There have been several studies on the characteristics of patients with polypharmacy or related factors. However, no clustering studies have been conducted on polypharmacy based on multi-faceted patient factors. Clustering has usually been performed in a single disease to identify its subtypes of patients regarding their prognosis and to provide tailored approaches to those subtypes21,22,23. Cluster analysis on multimorbidity patients was performed, but only clustering of frequently morbid diseases or prescription drugs was performed24. Our study identified some characteristic phenotypes in patients with polypharmacy, including sociodemographic factors, clinical status, and medical utilization behavior, through K-means cluster analysis.

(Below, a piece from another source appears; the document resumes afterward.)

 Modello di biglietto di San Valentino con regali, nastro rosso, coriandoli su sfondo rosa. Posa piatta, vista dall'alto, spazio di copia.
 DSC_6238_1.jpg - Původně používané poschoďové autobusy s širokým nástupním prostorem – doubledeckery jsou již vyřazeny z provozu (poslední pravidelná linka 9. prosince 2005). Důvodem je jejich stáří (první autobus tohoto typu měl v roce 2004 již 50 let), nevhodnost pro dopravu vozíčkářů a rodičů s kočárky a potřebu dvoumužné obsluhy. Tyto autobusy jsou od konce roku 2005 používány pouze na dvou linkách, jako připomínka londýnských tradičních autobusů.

It has been well elucidated that older age, living in care homes, cancer survivors, and multimorbidity are significantly associated with higher prevalence of polypharmacy3,25. In their study in Japan, Ishizaki et al. reported that patients with more hospitalizations and visits to medical institutions were at a higher risk of polypharmacy26. In our study, most patients with polypharmacy were elderly people with multimorbidity and a group comprising inpatients with severe diseases, such as cancer, was also included. However, in one cluster, the majority were middle-aged males and the patients in some clusters were those with mild chronic diseases who had relatively few visits to medical institutions and did not receive sufficient health care. A study conducted in the United States reported a significant relationship between polypharmacy in Medicaid beneficiaries and higher medical use and expenditures27. This is in line with one cluster found in our study. In Korea, the medical aid program, a public assistance system similar to Medicaid in the United States, has been operated by government authorities for low-income people. Health care services are provided to the entire population in Korea based on a national fee-for-service and mainly two types of health security systems are in operation28. The National Health Insurance program, which is a compulsory social insurance, allows the insured’s contributions and the government subsidy to share health care costs28. Some low-income households are guaranteed to receive appropriate medical services without financial difficulties as medical aid beneficiaries29. The patients in cluster 3 consisted of low-income people with relatively frequent visits to several clinics in the community; many medical aid beneficiaries were included. However, the patients in cluster 4 were high-income older people who used multiple clinics most frequently (Table 2, Fig. 2). In both clusters, the patients often had psychiatric and musculoskeletal disorders and asthma or chronic obstructive pulmonary disease (Fig. 3).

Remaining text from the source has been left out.